Table of Contents
Fetching ...

Revised Regularization for Efficient Continual Learning through Correlation-Based Parameter Update in Bayesian Neural Networks

Sanchar Palit, Biplab Banerjee, Subhasis Chaudhuri

TL;DR

A Bayesian neural network-based continual learning algorithm using Variational Inference, aiming to overcome several drawbacks of existing methods, and introduces a regularization term that specifically targets the dynamics and population of the mean and variance of the parameters.

Abstract

We propose a Bayesian neural network-based continual learning algorithm using Variational Inference, aiming to overcome several drawbacks of existing methods. Specifically, in continual learning scenarios, storing network parameters at each step to retain knowledge poses challenges. This is compounded by the crucial need to mitigate catastrophic forgetting, particularly given the limited access to past datasets, which complicates maintaining correspondence between network parameters and datasets across all sessions. Current methods using Variational Inference with KL divergence risk catastrophic forgetting during uncertain node updates and coupled disruptions in certain nodes. To address these challenges, we propose the following strategies. To reduce the storage of the dense layer parameters, we propose a parameter distribution learning method that significantly reduces the storage requirements. In the continual learning framework employing variational inference, our study introduces a regularization term that specifically targets the dynamics and population of the mean and variance of the parameters. This term aims to retain the benefits of KL divergence while addressing related challenges. To ensure proper correspondence between network parameters and the data, our method introduces an importance-weighted Evidence Lower Bound term to capture data and parameter correlations. This enables storage of common and distinctive parameter hyperspace bases. The proposed method partitions the parameter space into common and distinctive subspaces, with conditions for effective backward and forward knowledge transfer, elucidating the network-parameter dataset correspondence. The experimental results demonstrate the effectiveness of our method across diverse datasets and various combinations of sequential datasets, yielding superior performance compared to existing approaches.

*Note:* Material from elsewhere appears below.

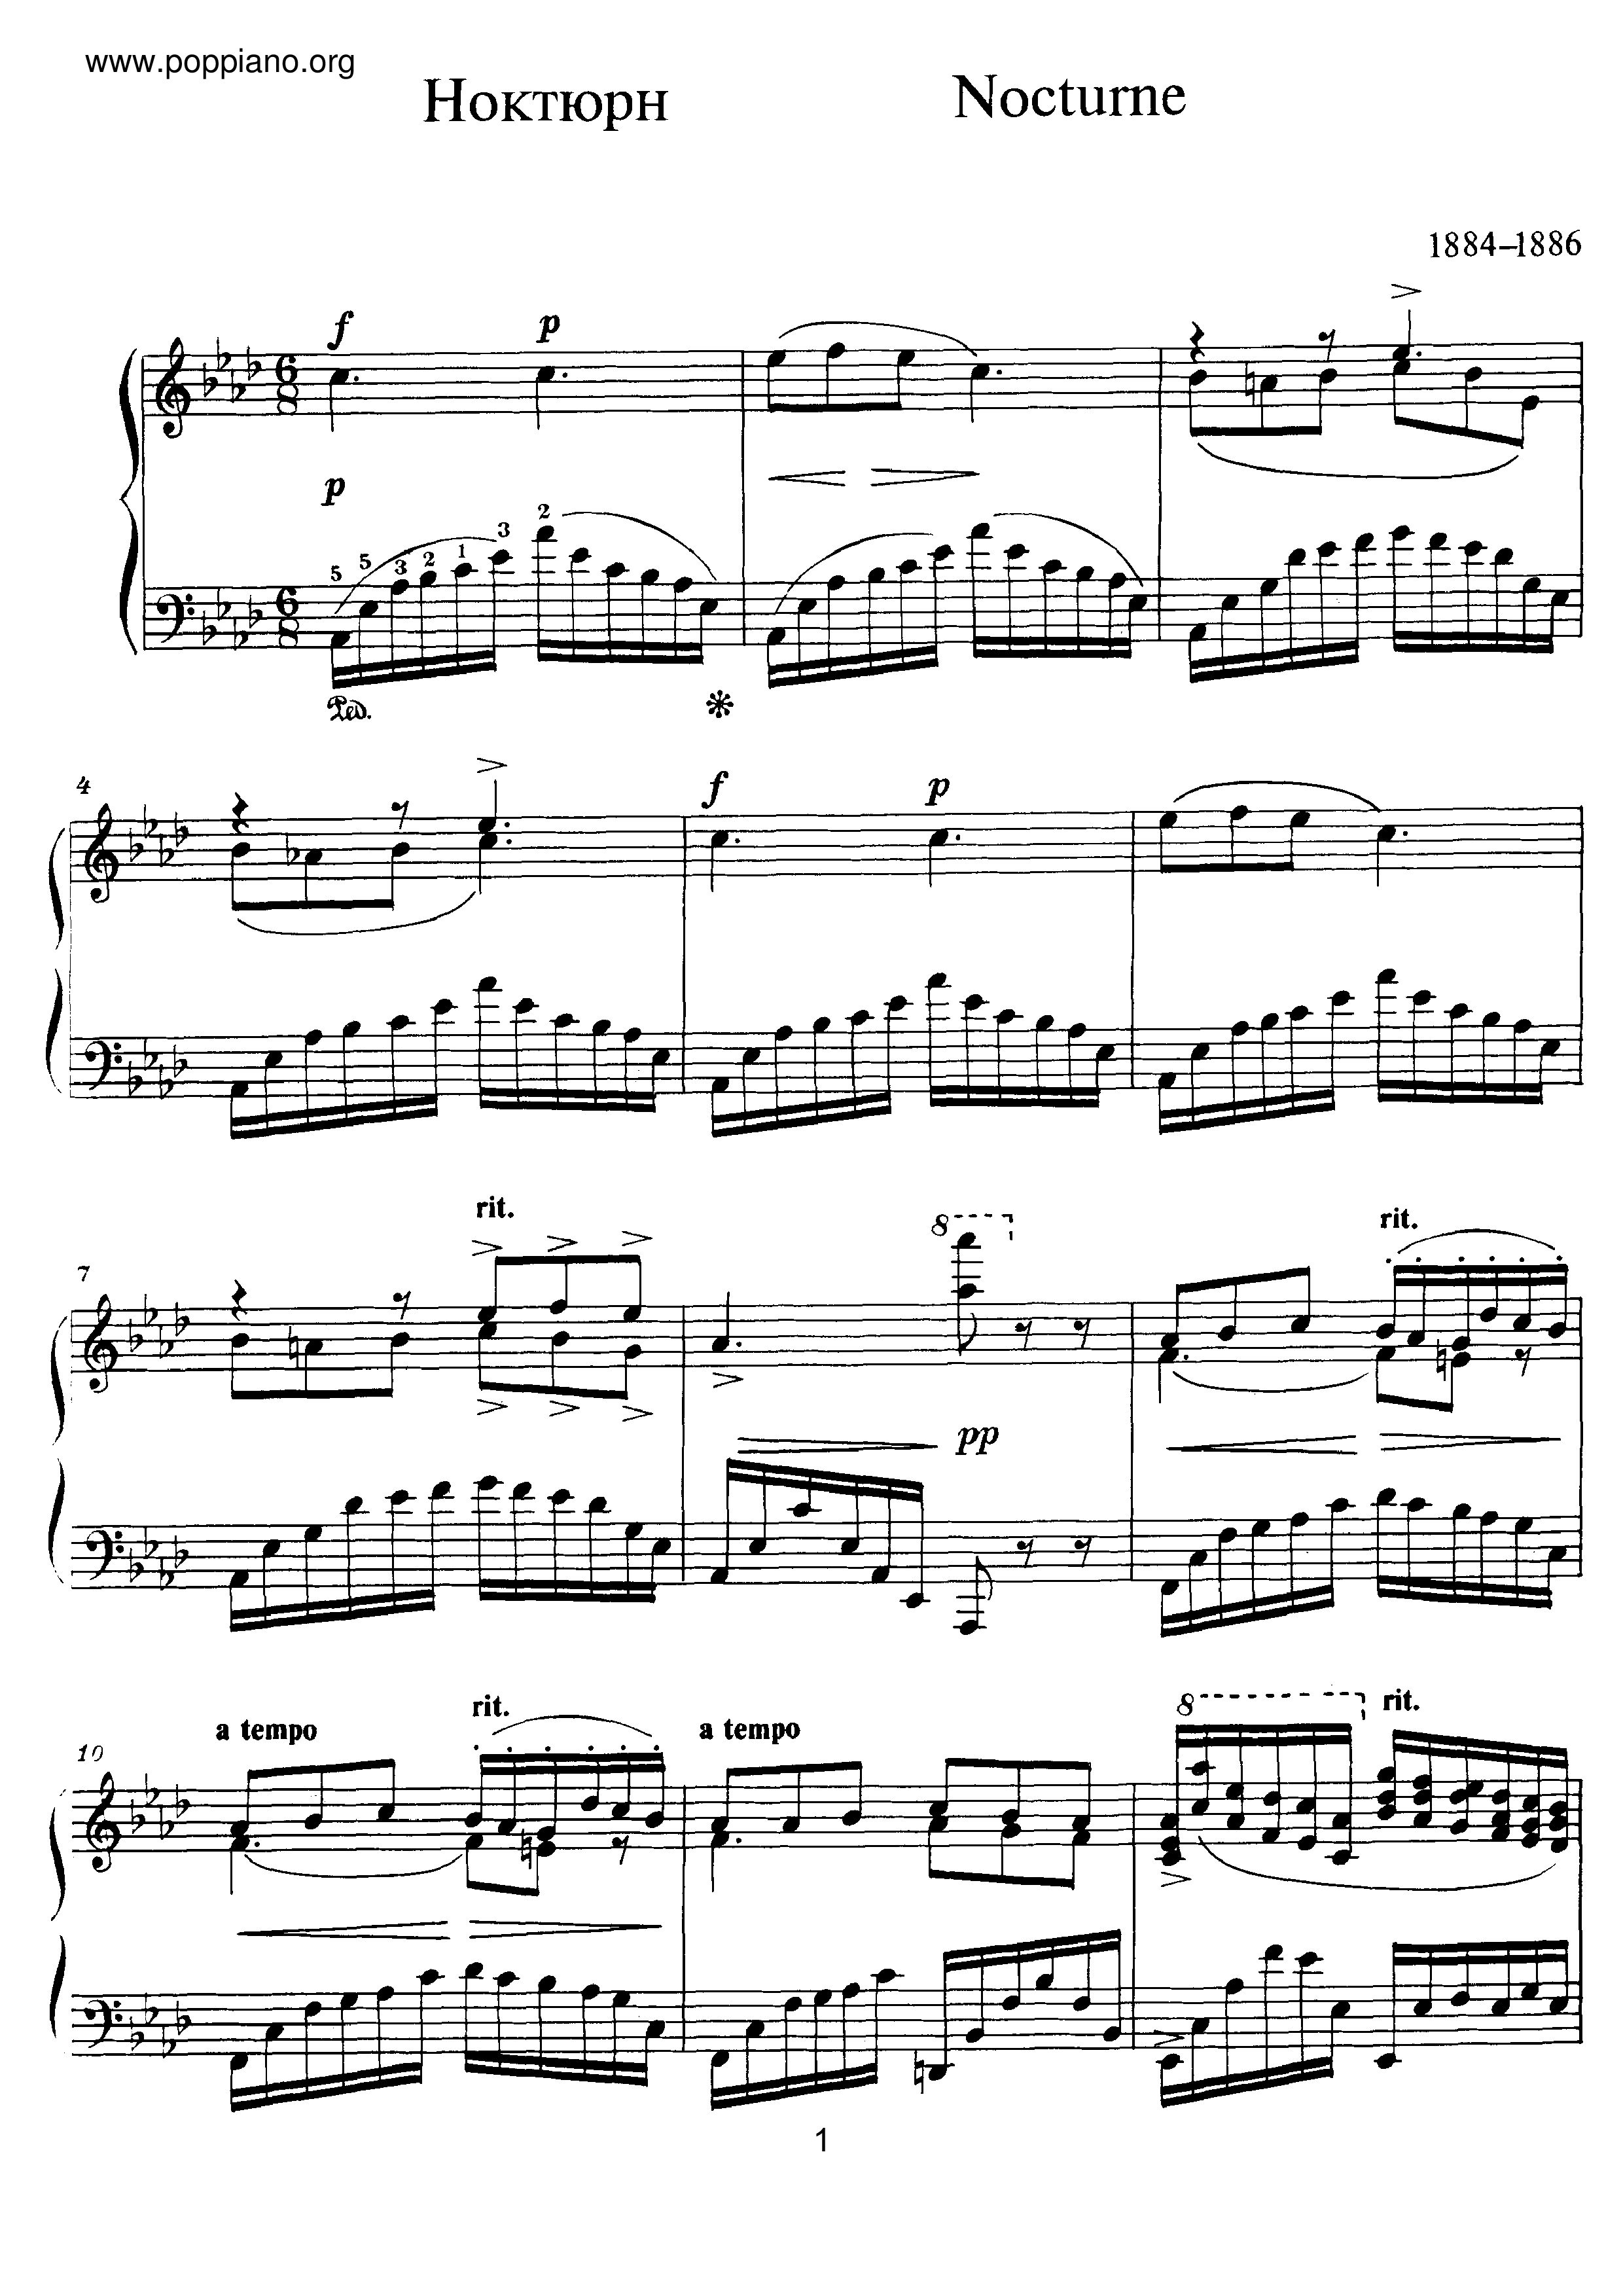 Nocturne in Ab Majorピアノ譜
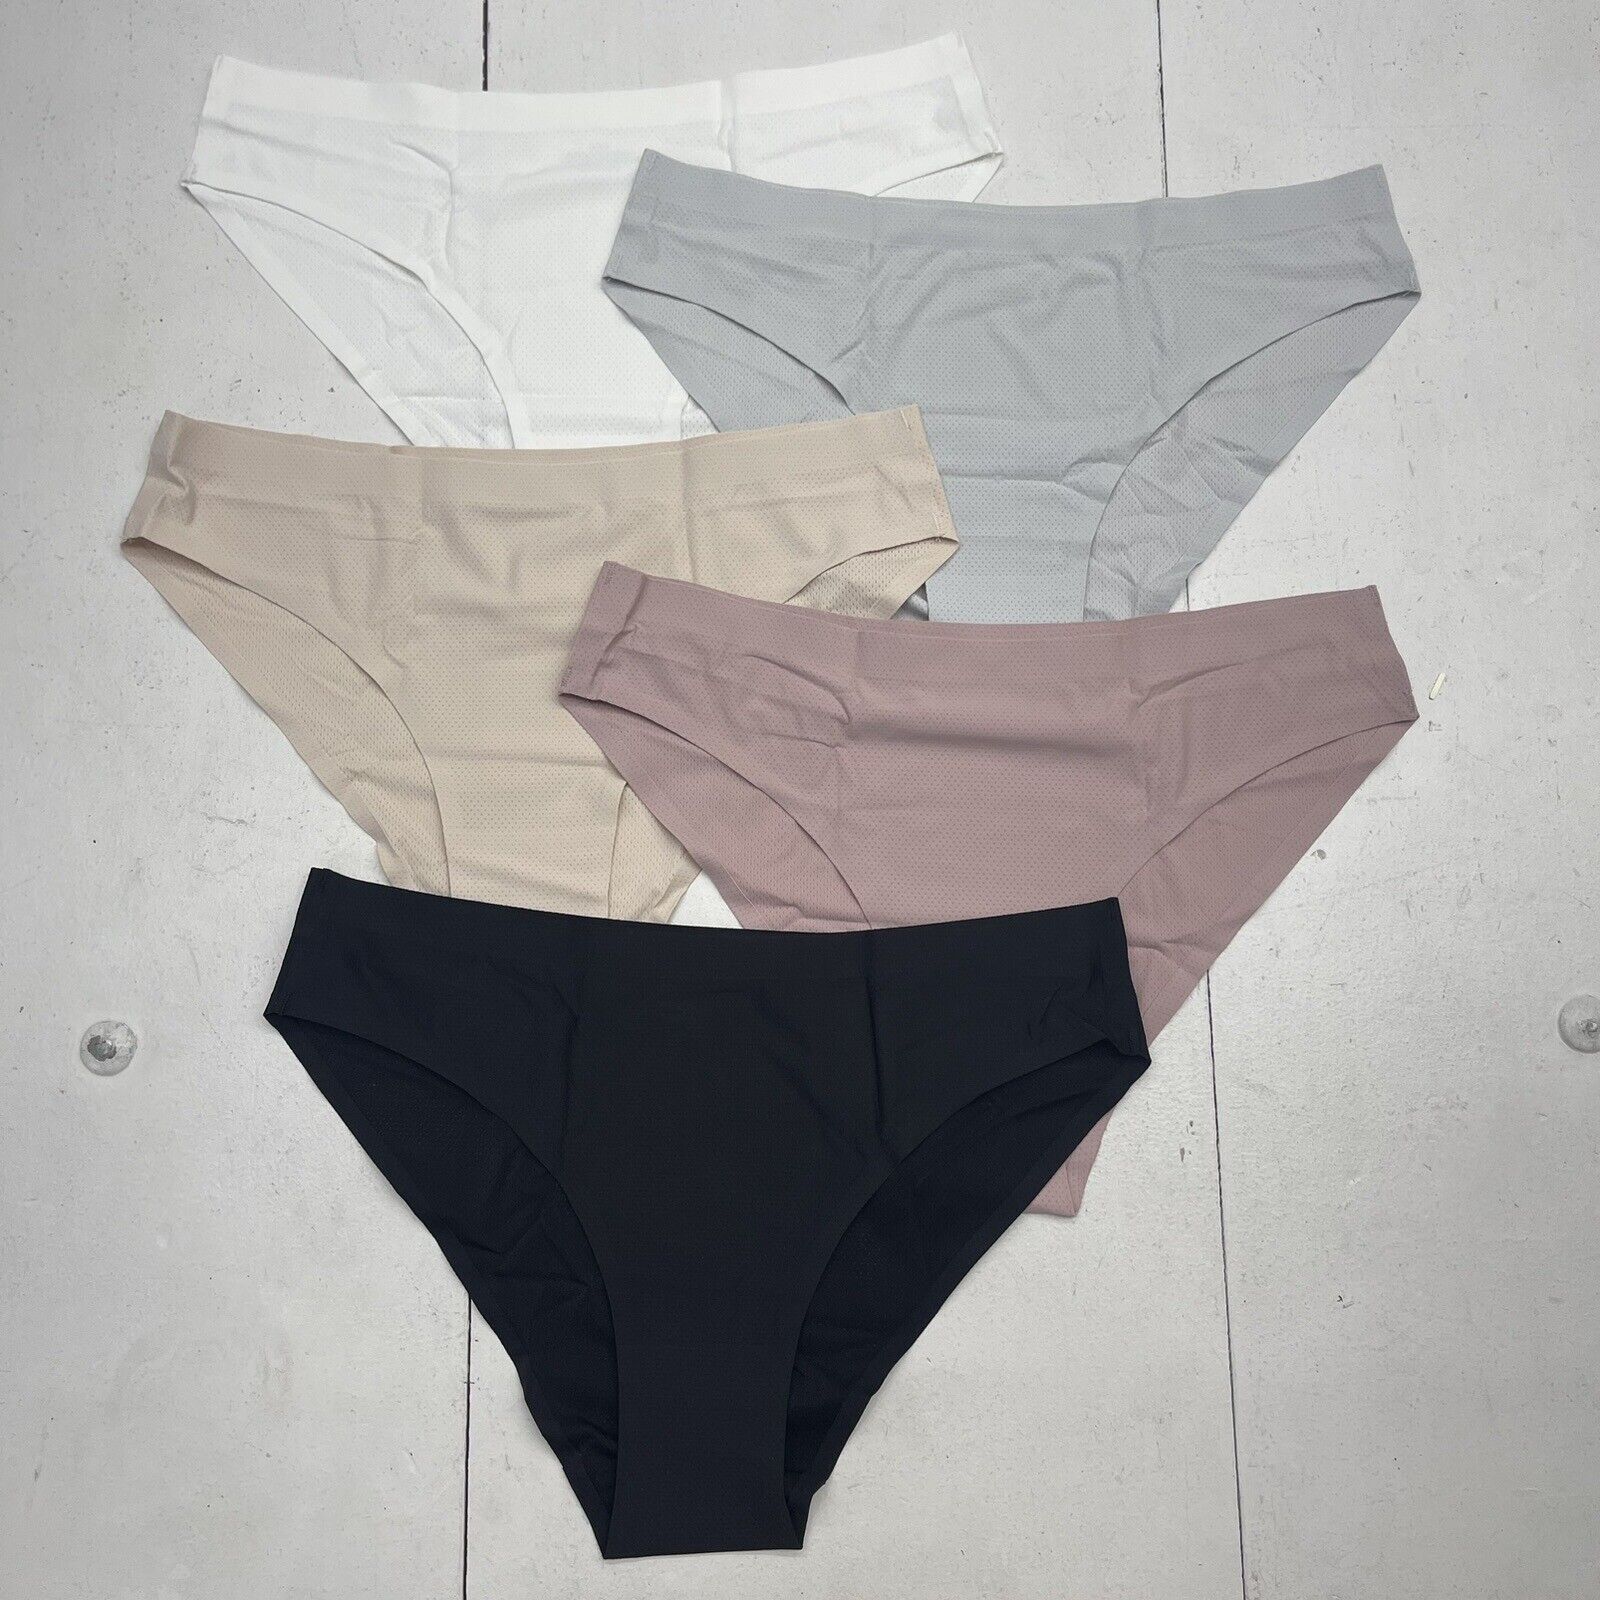 Jaywan 5 Pack Seamless Underwear Multicolored Women's Size Medium New -  beyond exchange

Revised Regularization for Efficient Continual Learning through Correlation-Based Parameter Update in Bayesian Neural Networks

TL;DR

A Bayesian neural network-based continual learning algorithm using Variational Inference, aiming to overcome several drawbacks of existing methods, and introduces a regularization term that specifically targets the dynamics and population of the mean and variance of the parameters.

Abstract

We propose a Bayesian neural network-based continual learning algorithm using Variational Inference, aiming to overcome several drawbacks of existing methods. Specifically, in continual learning scenarios, storing network parameters at each step to retain knowledge poses challenges. This is compounded by the crucial need to mitigate catastrophic forgetting, particularly given the limited access to past datasets, which complicates maintaining correspondence between network parameters and datasets across all sessions. Current methods using Variational Inference with KL divergence risk catastrophic forgetting during uncertain node updates and coupled disruptions in certain nodes. To address these challenges, we propose the following strategies. To reduce the storage of the dense layer parameters, we propose a parameter distribution learning method that significantly reduces the storage requirements. In the continual learning framework employing variational inference, our study introduces a regularization term that specifically targets the dynamics and population of the mean and variance of the parameters. This term aims to retain the benefits of KL divergence while addressing related challenges. To ensure proper correspondence between network parameters and the data, our method introduces an importance-weighted Evidence Lower Bound term to capture data and parameter correlations. This enables storage of common and distinctive parameter hyperspace bases. The proposed method partitions the parameter space into common and distinctive subspaces, with conditions for effective backward and forward knowledge transfer, elucidating the network-parameter dataset correspondence. The experimental results demonstrate the effectiveness of our method across diverse datasets and various combinations of sequential datasets, yielding superior performance compared to existing approaches.

Paper Structure

This paper contains 11 sections, 13 equations, 5 figures, 2 tables.

Figures (5)

  • Figure 1: (a) Efficient parameter updating for a convolutional neural network involves updating the model parameters with the revised loss function. (b)Efficient parameter updating for a convolutional neural network involves updating the model parameters with the revised loss function. Following this, the basis for the differentiated subspace is determined using SVD on the representation matrix. Upon establishing correspondence, this basis is then shifted to the common subspace.
  • Figure 2: Illustration of backward knowledge transfer. (a) parameters at the beginning (b) parameters after training on task 1 (c) parameters after training on task 2. The parameters that exhibited uncertainty after task 1 and were subsequently learned during task 2 contribute to the model's ability to approach a closer alignment between the log evidence curve and its surrogate.
  • Figure 3: Sigma at different convolutional layers for CIFAR100. (a) layers 1,2 (b) layers 3,4 (c) layers 5,6. Best viewed when zoomed in.
  • Figure 4: Drift of means of weight parameters while training across 10 sessions on CIFAR 100 for the first bayesian convolutional layer using GTM. We have flattened the vectors into one dimensional victors while visualization. Here, it is crucial to note that in each session, a new category is incorporated, representing the parameters associated with that session. Best viewed when zoomed in.
  • Figure 5: Drift of means of weight parameters while training split MNIST across 5 sessions at dense layer $(\mathbb{R}^{m \times k})$ using GTM. This same pattern is followed by all the 1800 tensors $(\mathbb{R}^{m})$ of size 256 $(\mathbb{R}^{k})$.